I do know that as h approaches 0, $\sqrt{(v+4+h)}$ approaches $\sqrt{v+4}$, so I thought that maybe I could simplify some of the square roots that way
$$DQ=\lim_{h \to 0} \frac{(v\sqrt{(v+4)^2} + h\sqrt{(v+4)^2} + 4\sqrt{(v+4)^2} - v\sqrt{(v+4)^2} -4\sqrt{(v+4)^2})}{\sqrt{(v+4)^2}*\sqrt{(v+4)^2}*h}$$
$$DQ=\lim_{h \to 0} \frac{(v\sqrt{(v+4)^2} - v\sqrt{(v+4)^2}+ 4\sqrt{(v+4)^2} -4\sqrt{(v+4)^2} + h\sqrt{(v+4)^2} )}{(v+4)^2*h}$$
$$DQ=\lim_{h \to 0} \frac{h\sqrt{(v+4)^2}}{(v+4)^2*h}$$
$$DQ=\frac{\sqrt{(v+4)^2}}{(v+4)^2}$$
$$DQ=\frac{|v+4|}{(v+4)^2}$$
, but it's also kinda fishy to me since I haven't cancelled out h yet.
Any thoughts?
Solution:
If a function is differentiable at $x=x_0$, then it is continuous at $x=x_0$. Now if your function was differentiable at $v=-4$ then it would imply it is also continuous. But we know the function is not continuous at $v=-4$, since left limit and right limit are different at $v=-4$.
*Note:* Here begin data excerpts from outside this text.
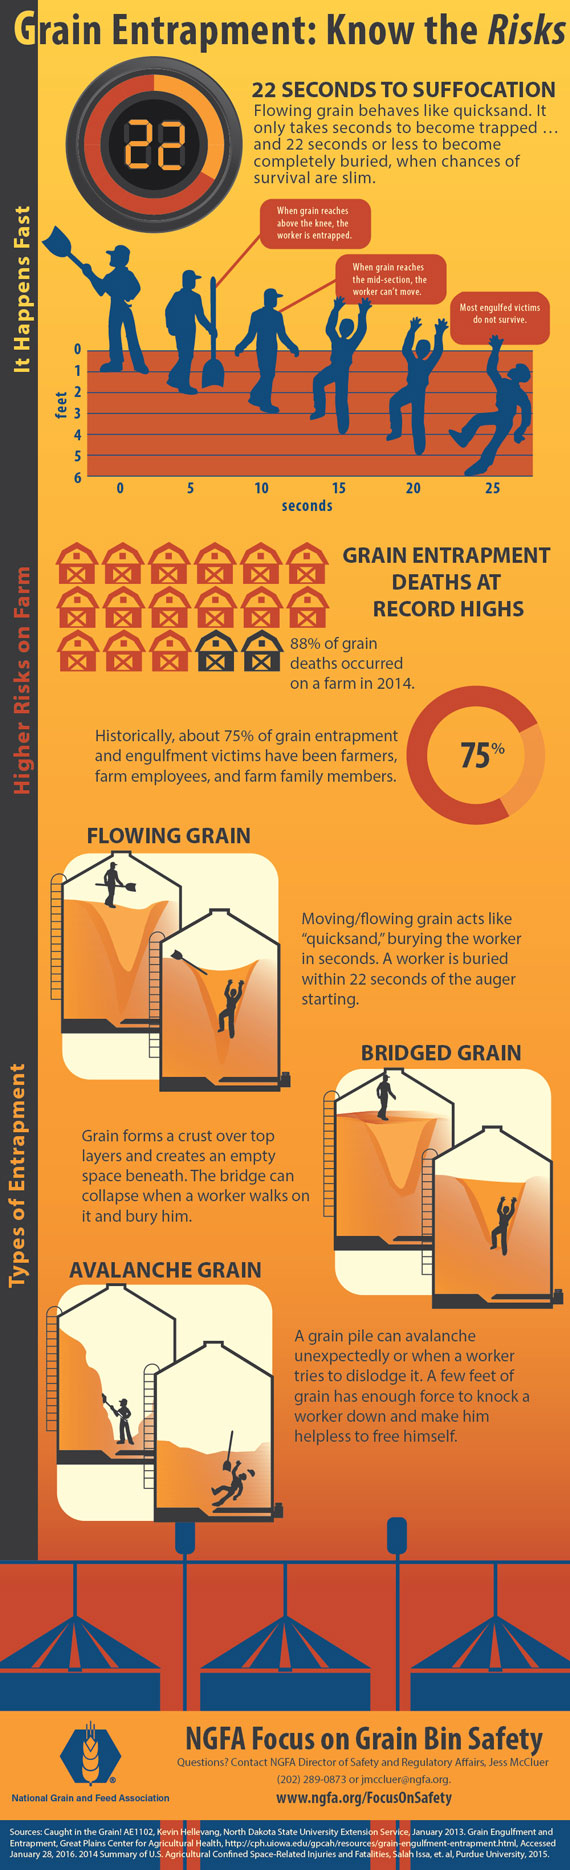 grain bin safety infographic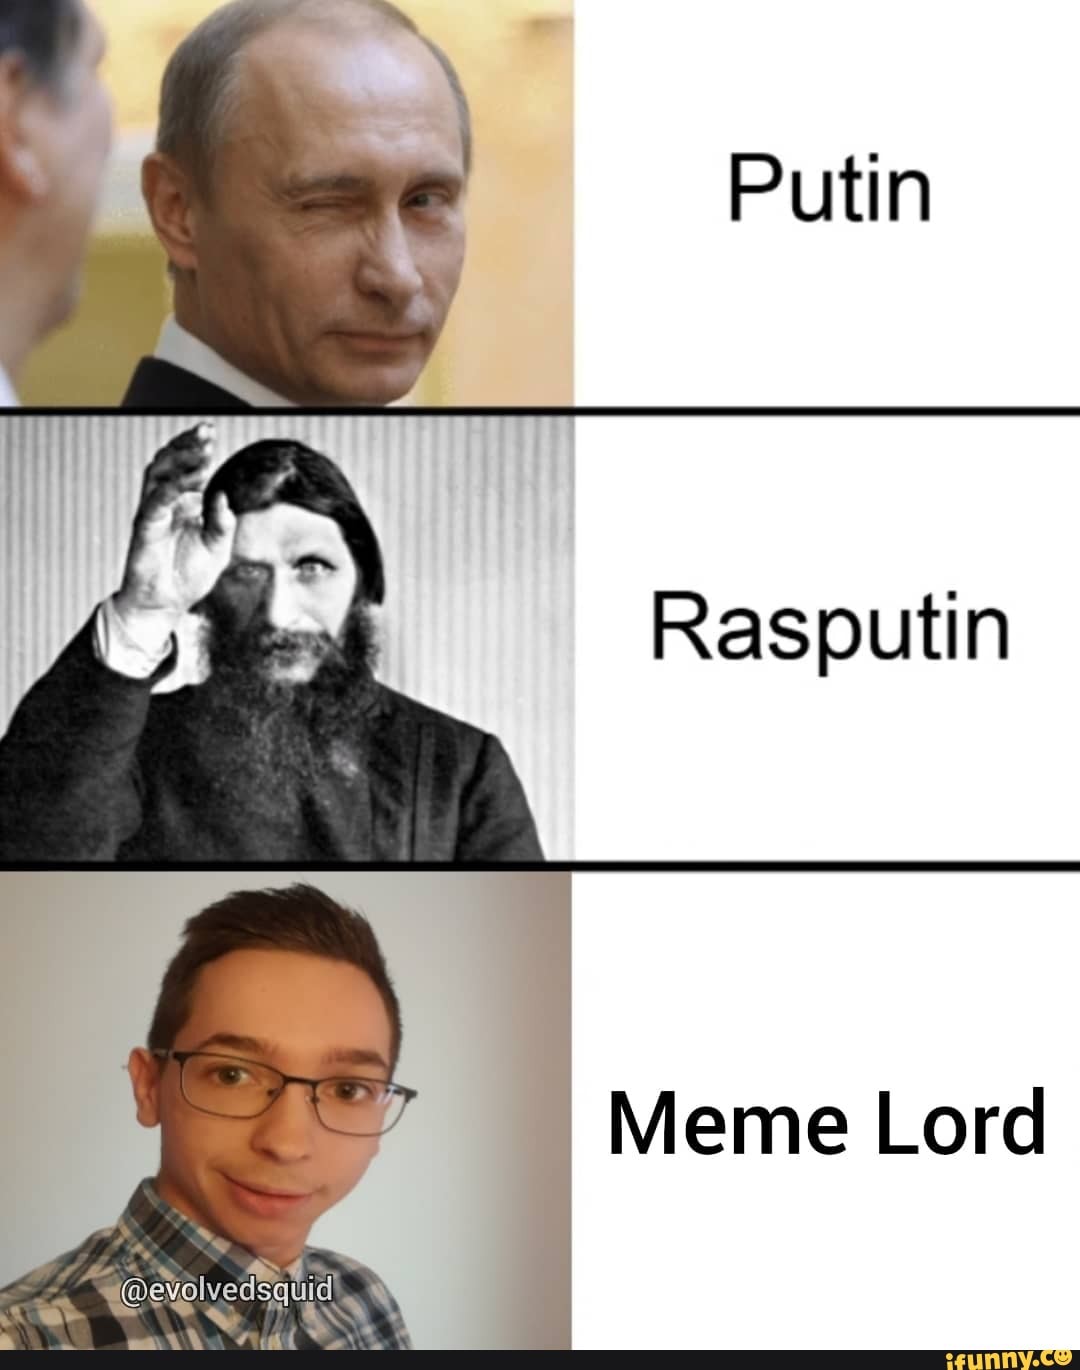 Putin Rasputin Meme Lord - iFunny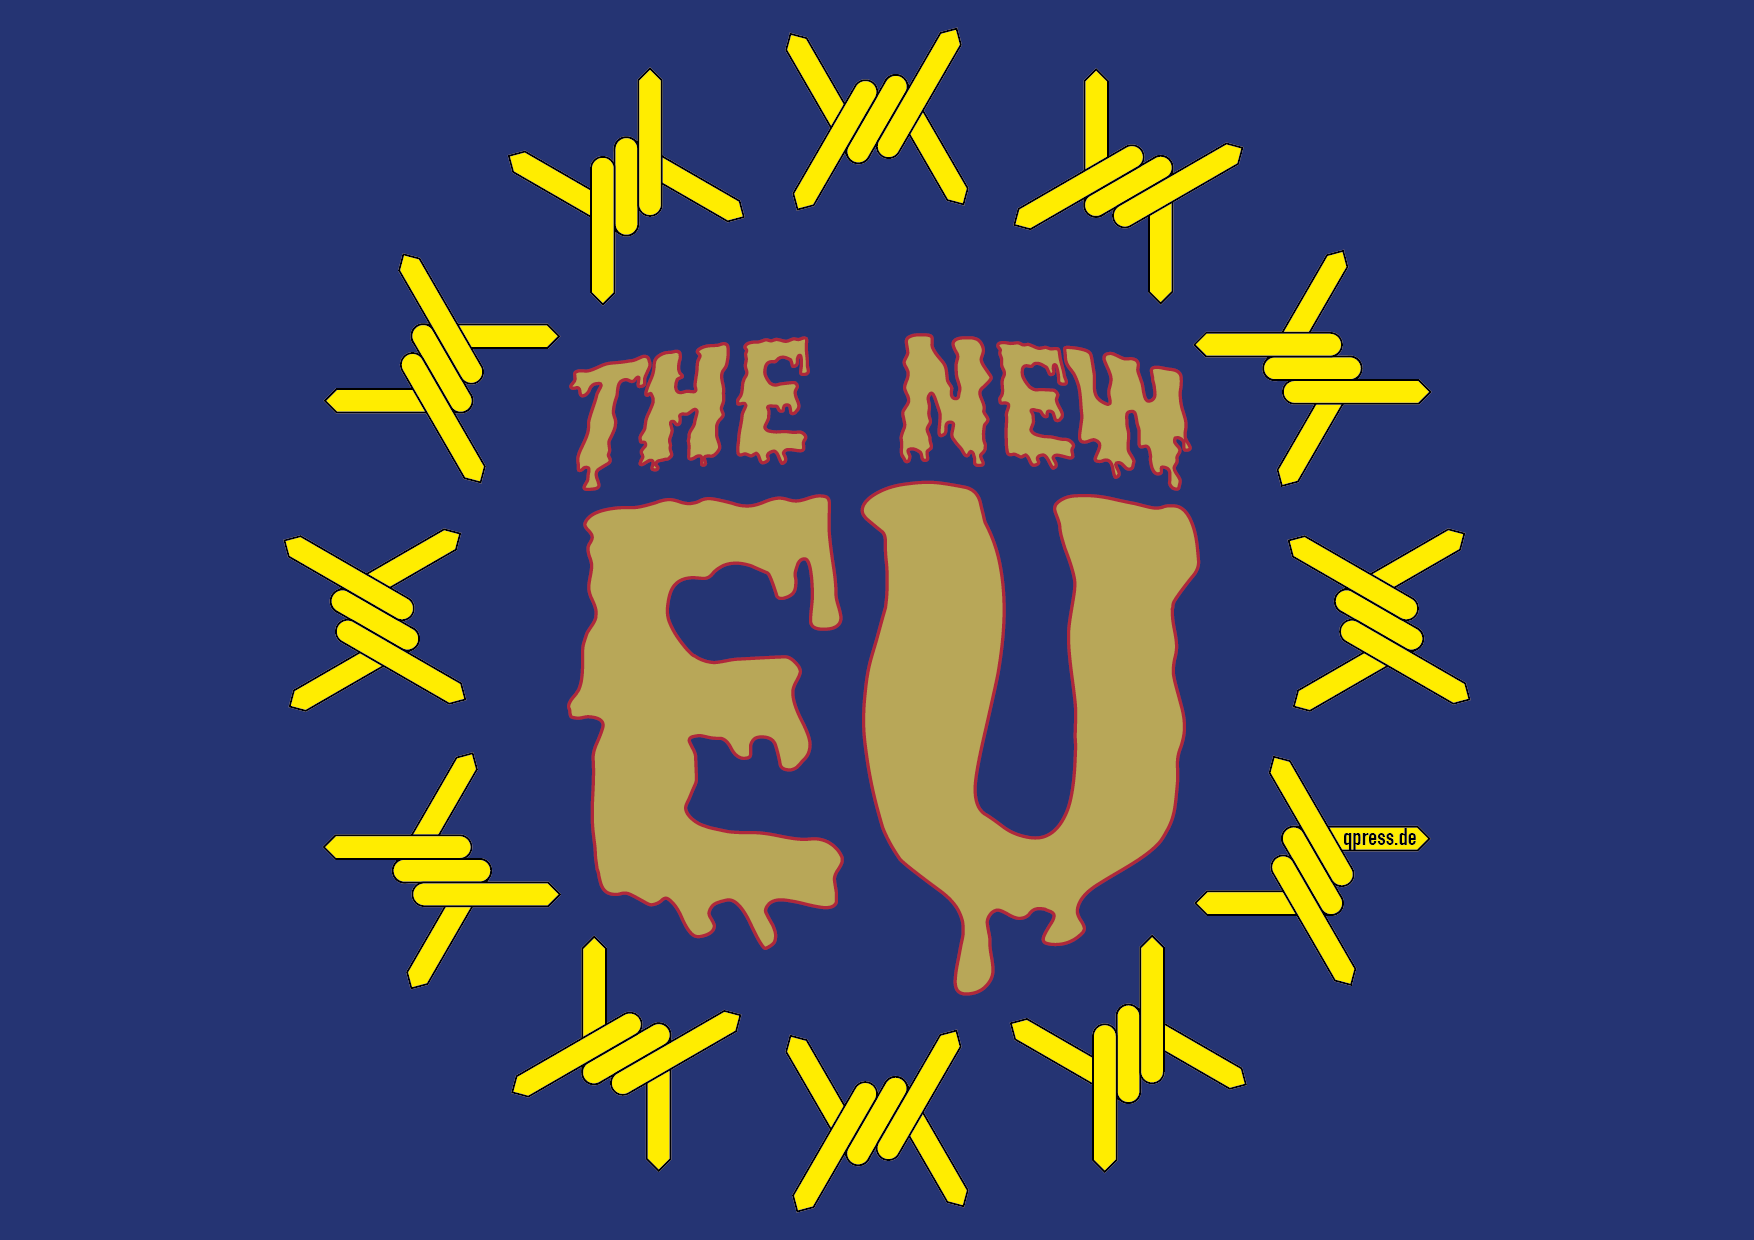 EU Stacheldrahlt Flagge neue Sterne die neue EU the new qpress

Note that the left limit is -1 and the right limit is +1.
But if you are solely concerned "How to cancel out h in the limit"
Just take the case where $v>-4$, then you can remove the absolute value. Then do the same for $v<-4$